§ **Supplied material**:
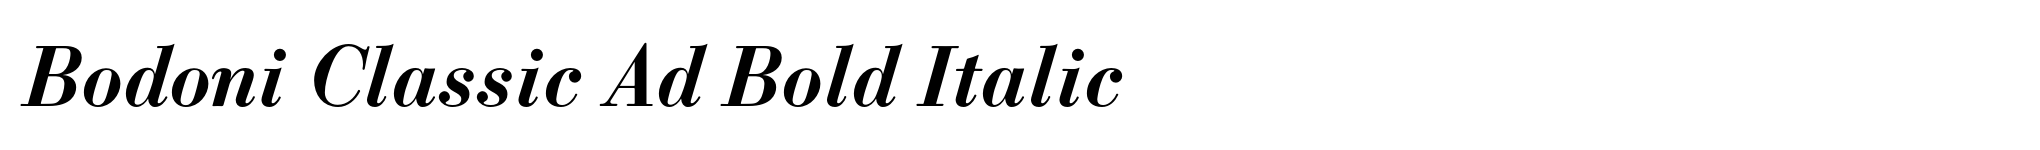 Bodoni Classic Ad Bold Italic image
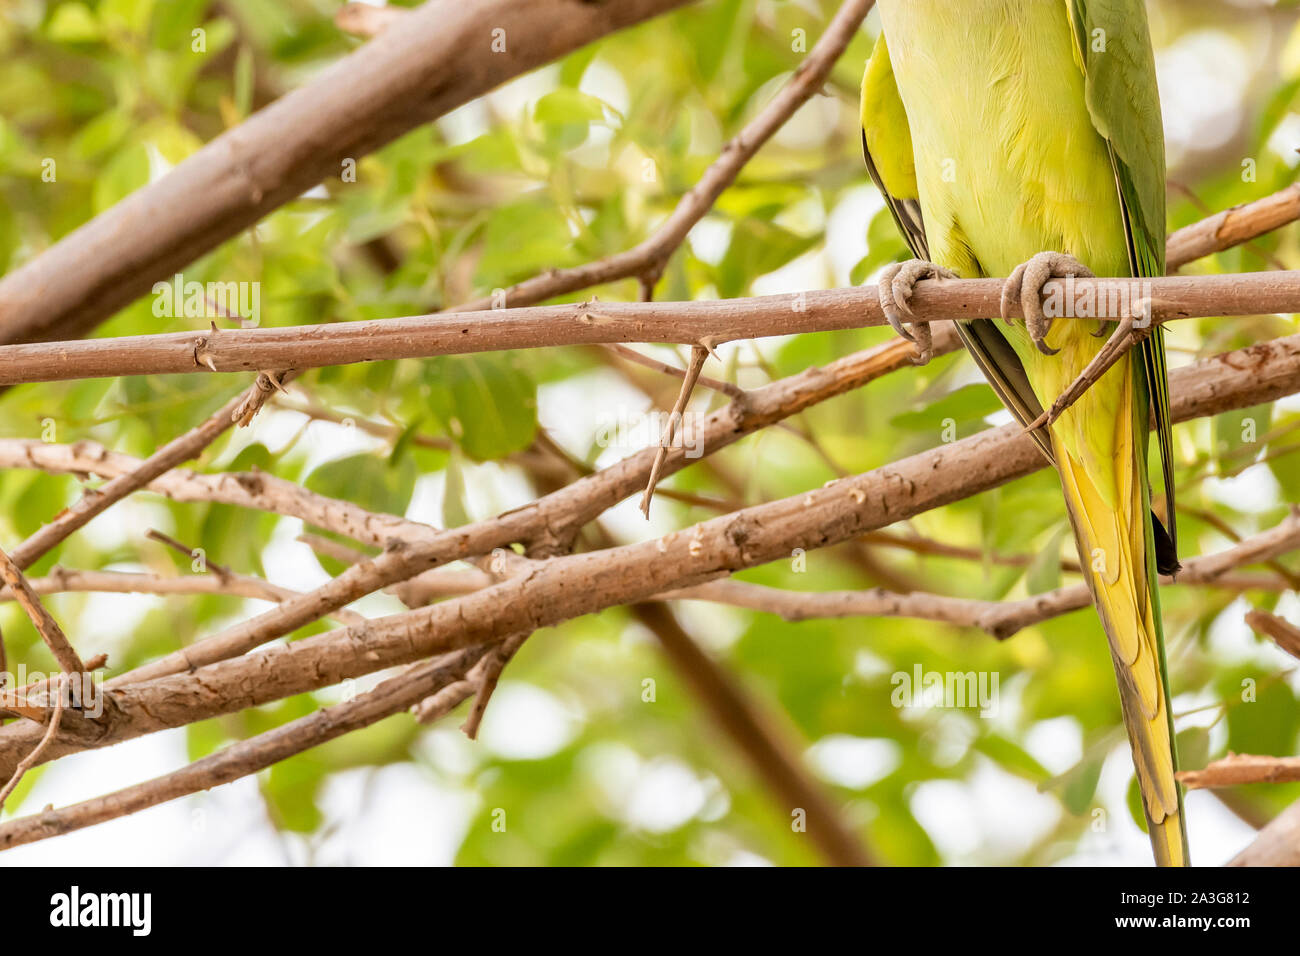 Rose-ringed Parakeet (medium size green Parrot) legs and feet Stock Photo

==

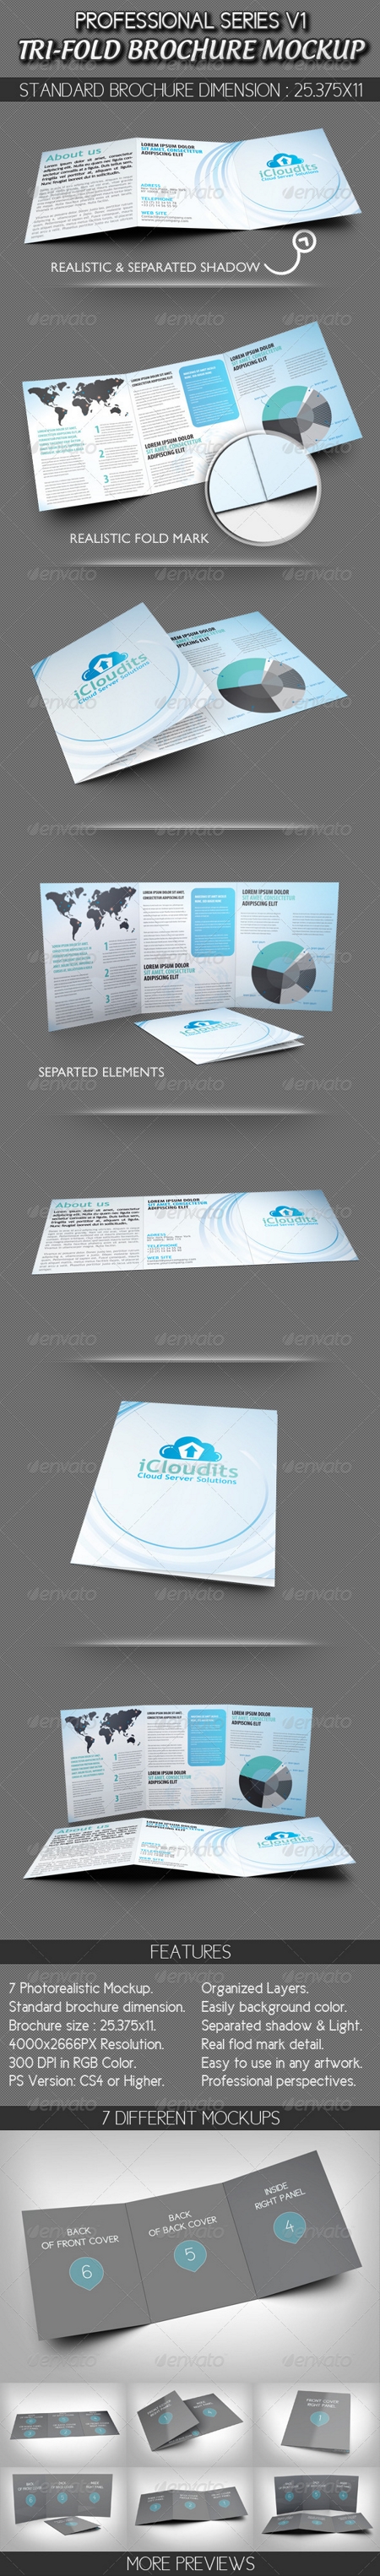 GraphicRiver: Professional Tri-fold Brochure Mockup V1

§ **What you are asked to do**:
Would you output only the span of the records above that opens with the line containing "Bodoni Classic Ad Bold Italic image" and closes with the line containing "Rose-ringed Parakeet (medium", ends included and pictures dropped?

§ **Written reply**:
 Bodoni Classic Ad Bold Italic image
 Rose-ringed Parakeet (medium size green Parrot) legs and feet Stock Photo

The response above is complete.